» **Exercise description**: Repeat the listing below in full and exactly. Pictures are to be omitted.

» **Information provided**:
# # #
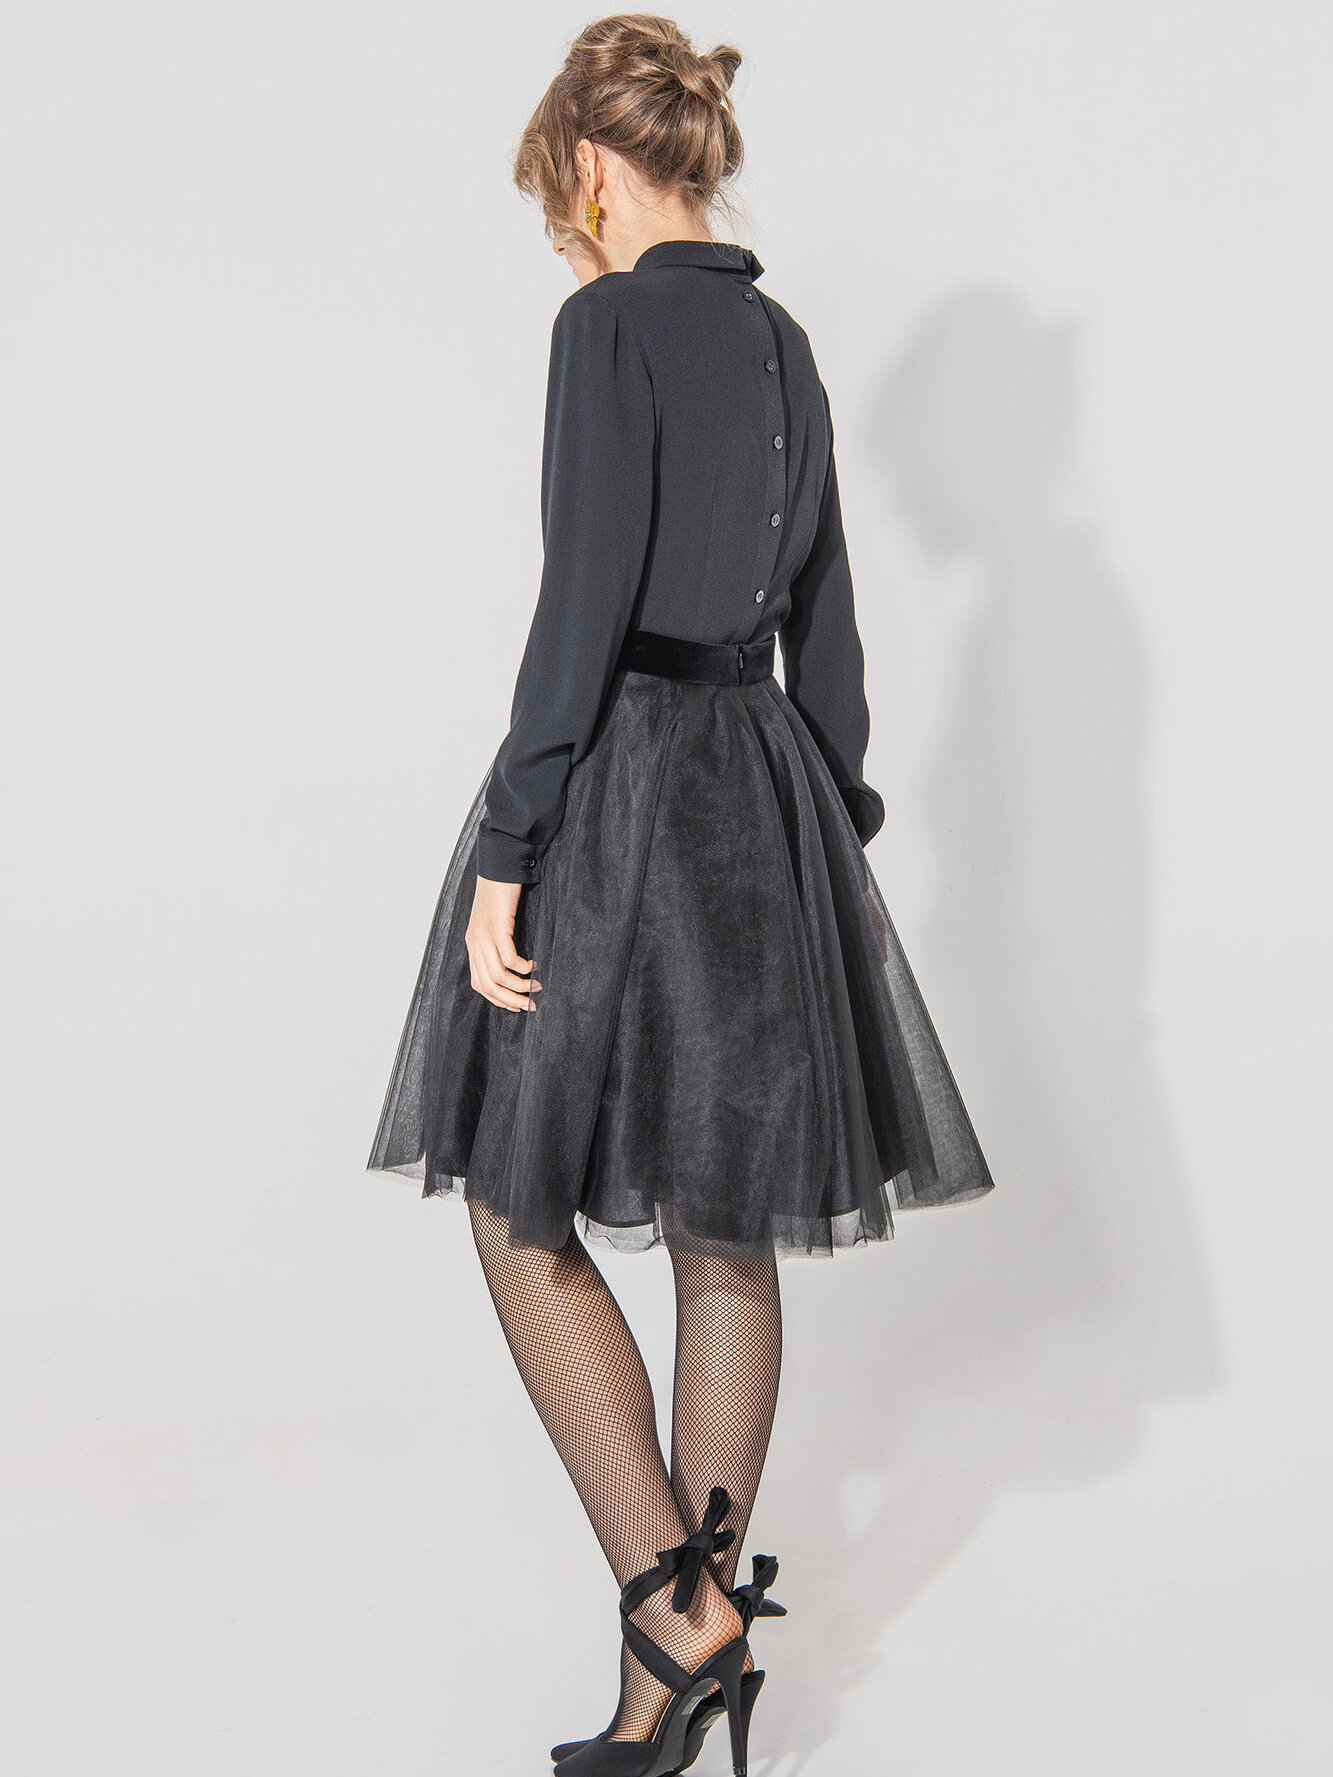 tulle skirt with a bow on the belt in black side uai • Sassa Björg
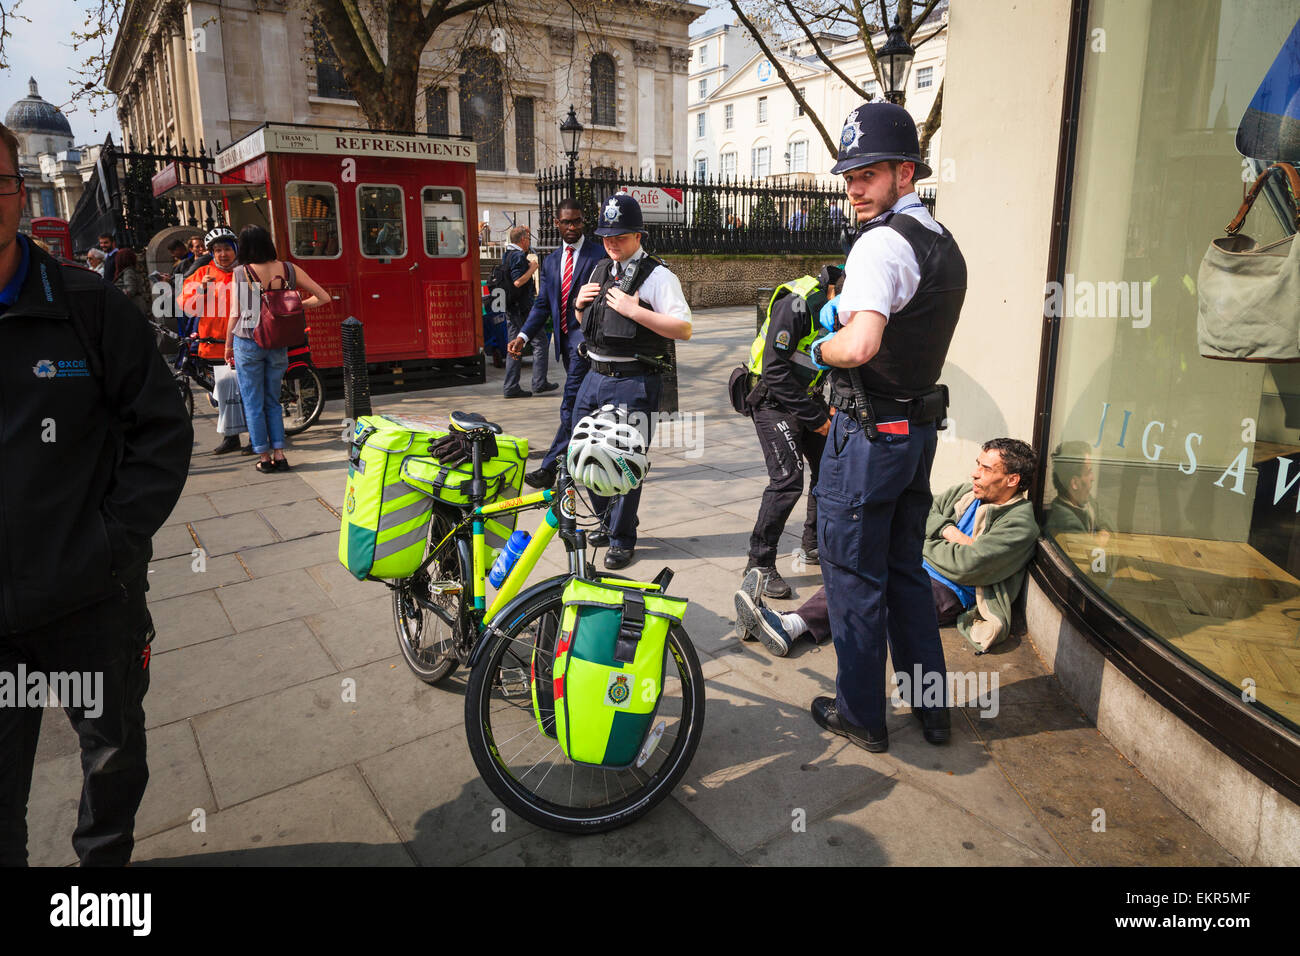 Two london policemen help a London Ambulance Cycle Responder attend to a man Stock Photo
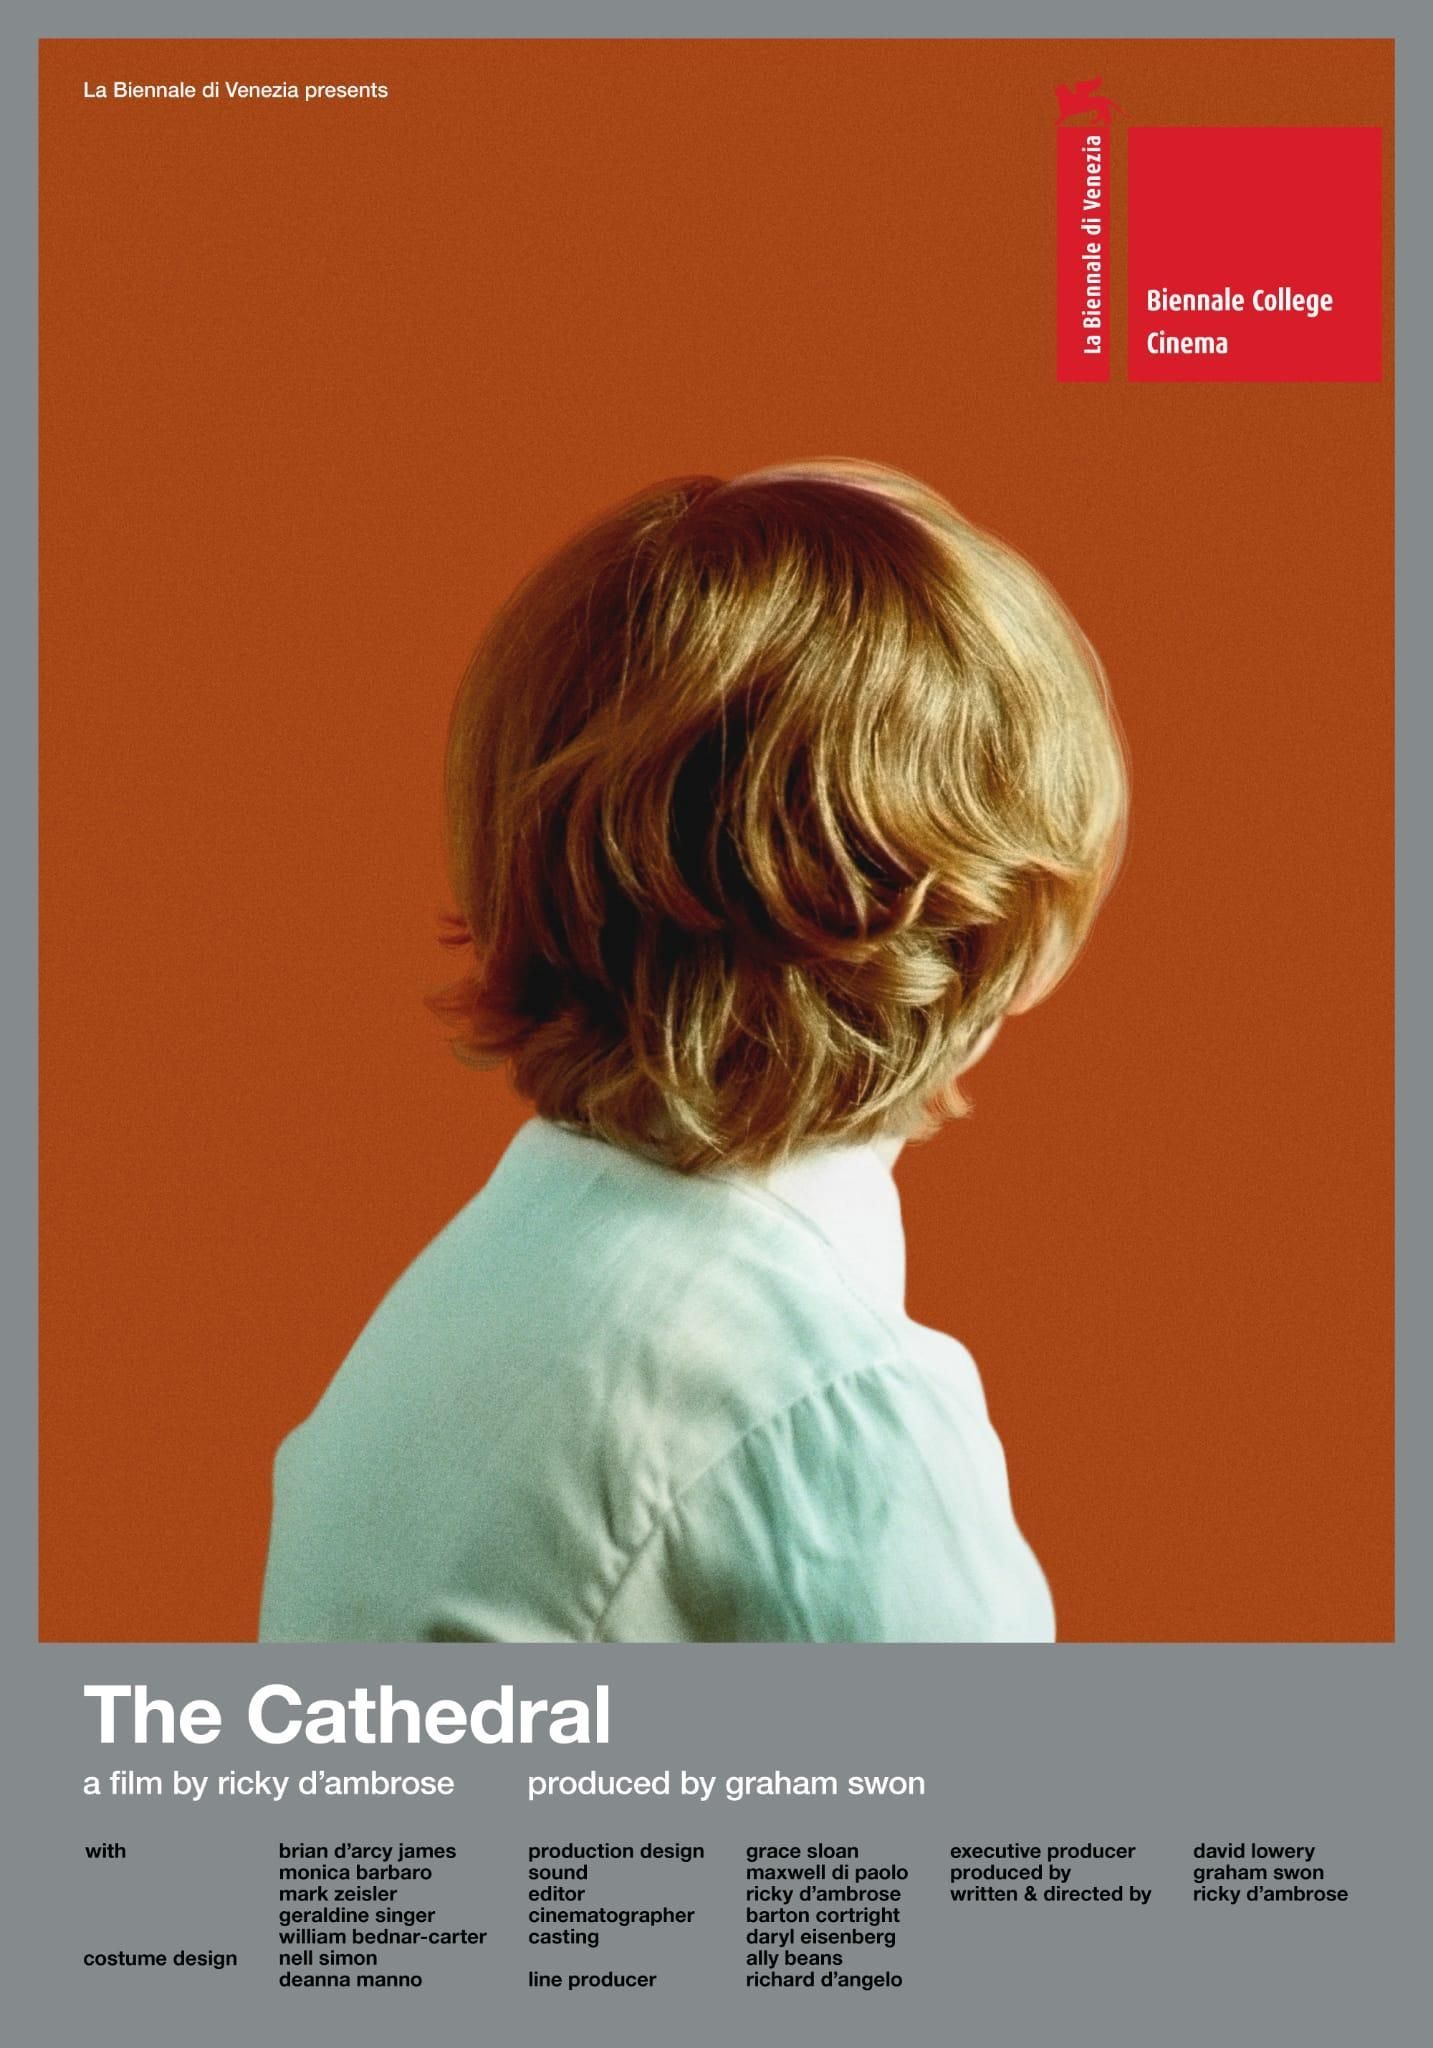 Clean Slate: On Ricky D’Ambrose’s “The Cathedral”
# # #
» **Answer for the task**:
 tulle skirt with a bow on the belt in black side uai • Sassa Björg
 Two london policemen help a London Ambulance Cycle Responder attend to a man Stock Photo
 Clean Slate: On Ricky D’Ambrose’s “The Cathedral”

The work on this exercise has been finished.